I am looking to make a networked board game based on Risk in C++. My idea was to have a central server which hosts a game lobby where users can connect and make/join games. The Observer pattern seems attractive in this case, since I could host all the game model/logic on the server, and the clients would just be observers to this and display the current game state using a view.
My first question: Is this approach possible? Most of what I've heard/thought is that the clients have their own game models. However I'm thinking for a game that's not computationally intensive, a single model hosted by a server would have advantages (no out of sync issues, prevents cheating, etc.).

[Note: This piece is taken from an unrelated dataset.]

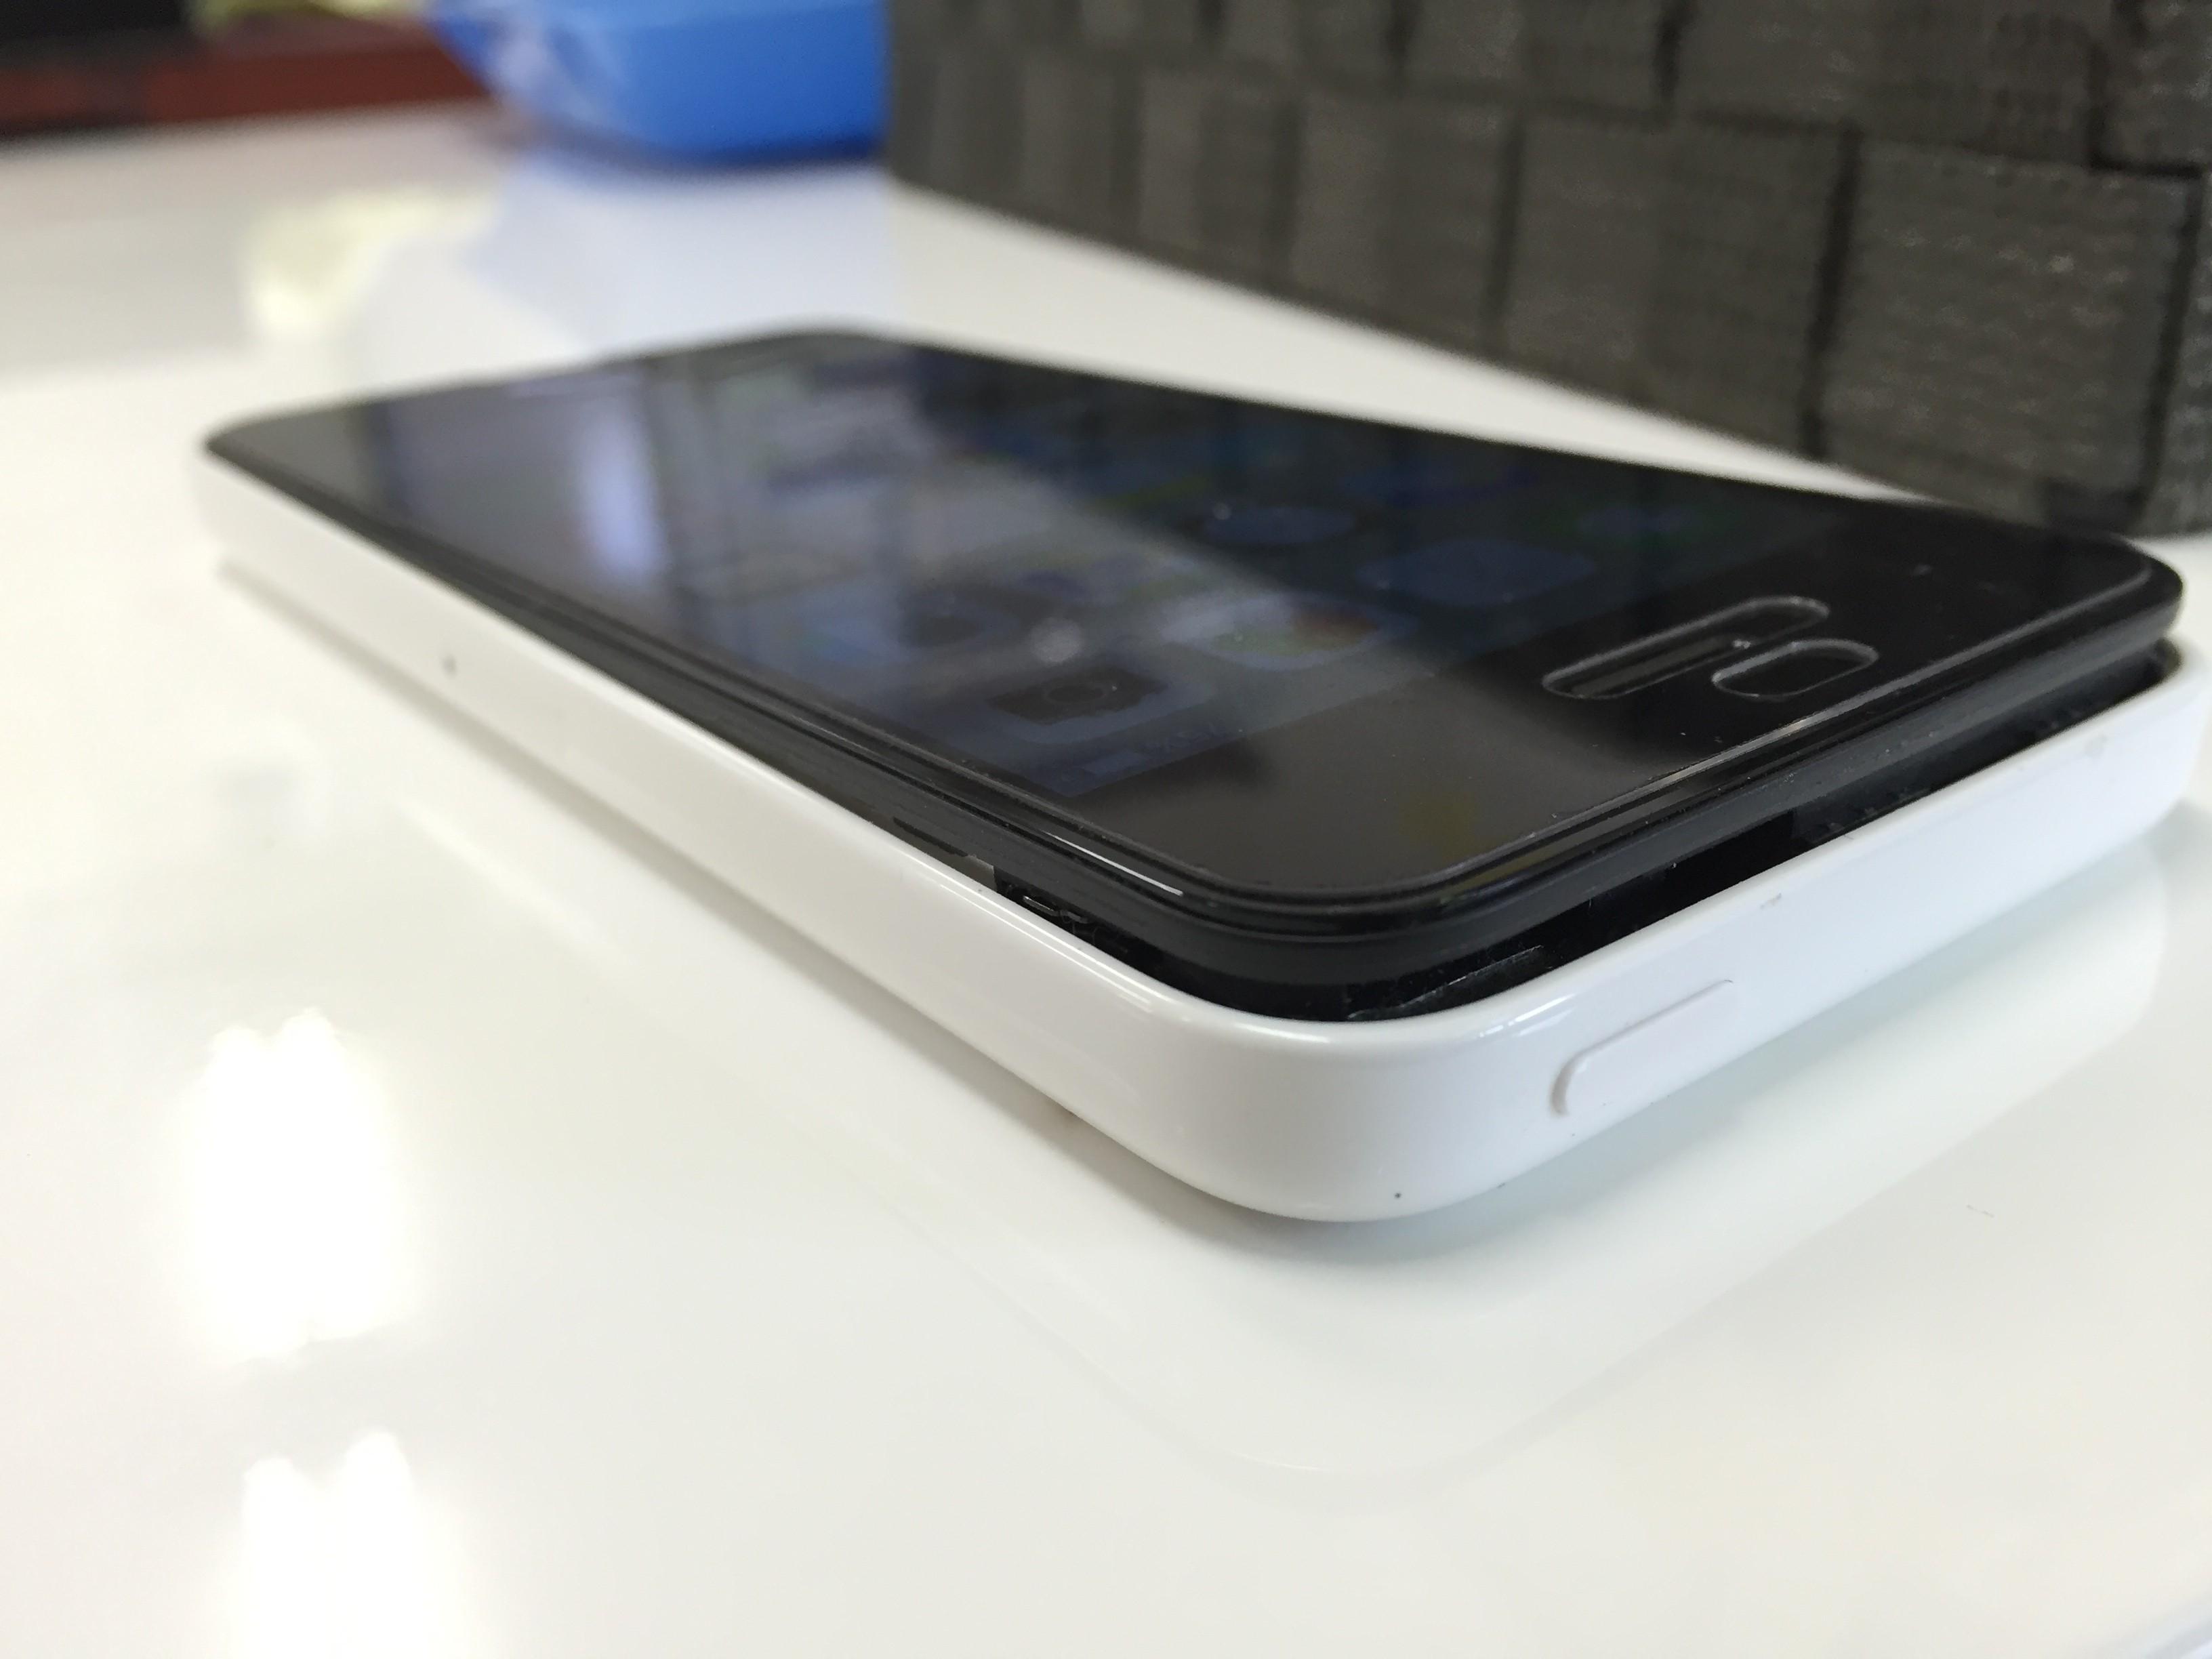 bc17a52c9ac iPhone5シリーズで画面浮きに悩まされる方が続出!?そのワケとは ...

My second question: How would I go about implementing the Observer pattern over a network? Since I can't make a direct method call over the network, I would need some kind of easy way to simulate this using data. Would there be more advantages using a "pull" (observer requests updates to game data) or "push" (server pushes out new updated data to all clients) approach?
From your problem statement, it seem that you need to implement Distributed Observer Pattern or Distributed Publish / Subscribe. PubSub is a messaging paradigm and can be easily implemented with a MOM (Message Oriented Middleware) - ( see RabbitMQ, ActiveMQ, OpenMQ) where the MOM does the heavy lifting.
XMPP can also serve your purpose right(see XEP-0060). All you need is a Jabber server and a C++ XMPP library (gloox is a good one and supports XEP-0600).
You might also be interested in pubsubhubbub.